I'm not sure, but I think that anthills are somewhat water resistant (due to something to do with the ants), which makes the grass stop growing (waterproof means no moisture and grass needs moisture). Since the dirt in the anthill is water resistant, after the anthill is flattened, the grass might be slow to fill in the bare spot.

Applying something like lime might help 'break up' the clay particles in the anthill (due to the calcium, I think) and help with getting the grass to grow. Additionally, the increased calcium levels (I think) in the pasture might discourage the ants from rebuilding the anthills.

I'm not sure if my facts are entirely correct, but I think the solution could be found by something like applying lime (either by spot-treating the flattened anthills or broadcasting over the entire pasture) or something similar.

Scott said...

Try applying diatomaceous earth to the ant hills - it should kill them with one or two treatments.

Anonymous said...

Anteater

Jamie said...

Drag harrow, same kind as Art (above) mentioned. Drag behind tractor, if bad enough disk all of it.

Anonymous said...

Are these fire ant mounds? If so, I would think they could harm the chickens with bites. My relatives in Mississippi pour hot water on each mound in their yard. Not sure how it would work in a whole field.

Steven Estergreen said...

Ants are a natural response to too much dead grass (or any other plant fiber) left in the field. Put some livestock in the field to eat the grass. Cut and remove what they don’t eat.

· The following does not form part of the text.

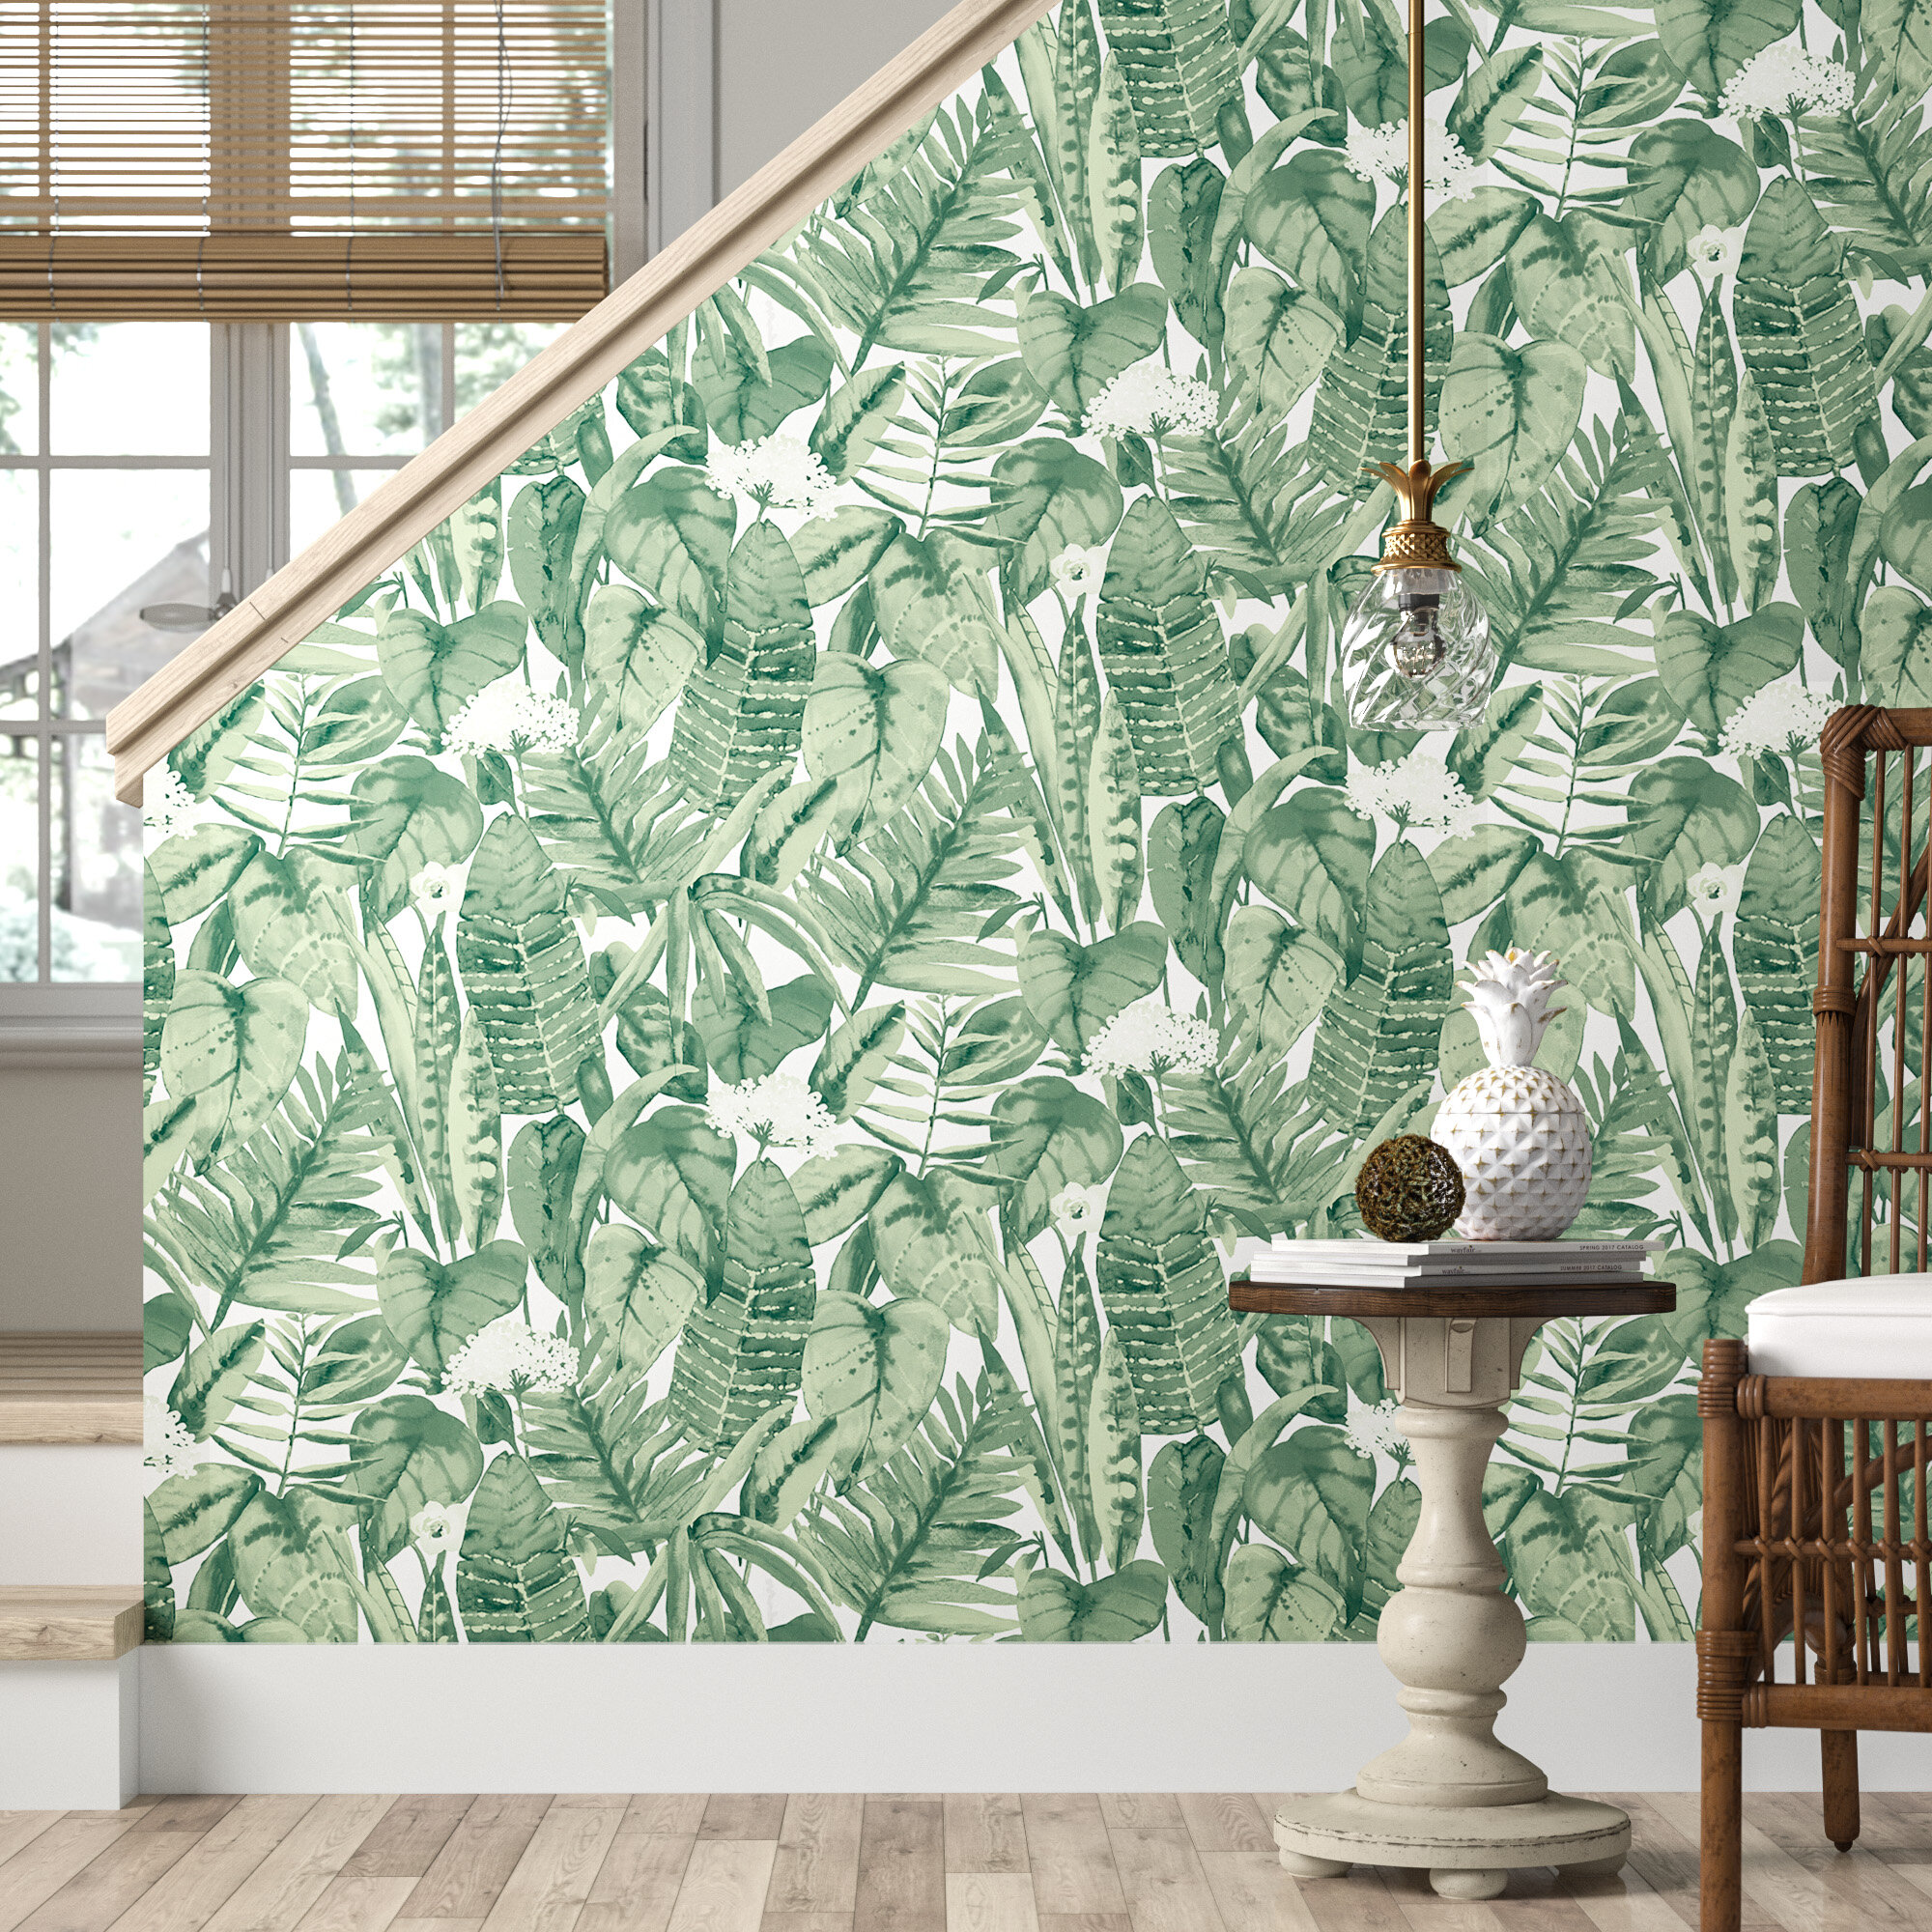 Bay Isle Home Waloo Tropical Jungle 16 5 L X 20 5 W Smooth Peel And Stick Wallpaper Roll Reviews Wayfair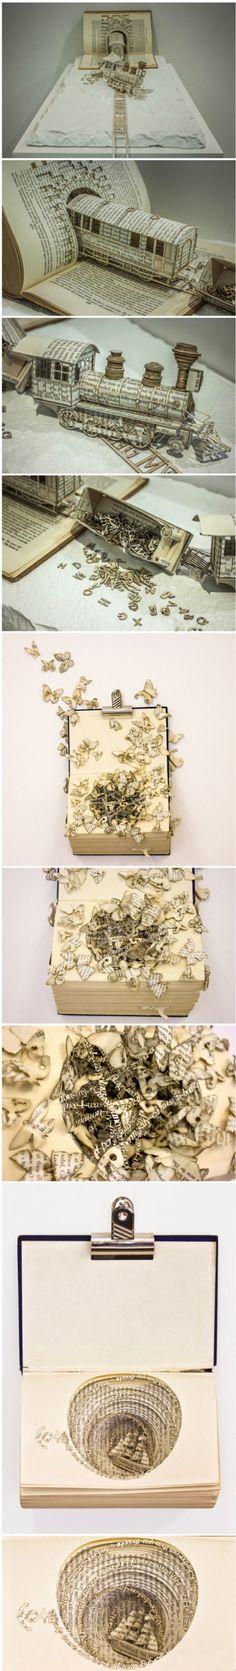 Papier amazing book sculpture

Feed it directly to your livestock if they're not in the field. Put some up as hay and save it for the part of the year when grass is not growing. Figure out a way to sell some of it. Pile it on some of the anthills and burn it. The ants have just been keeping your field from turning into a slimy, stinking, rotten mass of dead grass. Think of them as a family of housemaids gone berserk. Take away what they eat and they'll die or go away. If you wanted to do it really quickly, you could spray all the anthills with a petrochemical nerve agent and burn all the grass. But, I think you'll find a better (if more time-consuming) way to do this. You wouldn't want a field without ants, it would be just as unhealthy as a field with too many.

Steven said...

I understand what Steven is saying, but dead grass is one of the best things to have in your pasture. I think once you get grazing the ant problem will start to dry up but by all means don't do everything you can to get rid of the dead grass. As Greg Judy wrote in this months SGF the trampled dead grass is what feeds all the micro-bugs that make the soil. It makes the soil cheese if you will. He said that after each paddock move he has a 1 to 2 inch layer of forage that is trampled and available for the organisms to start devouring. This is how you can make it without fertilizer!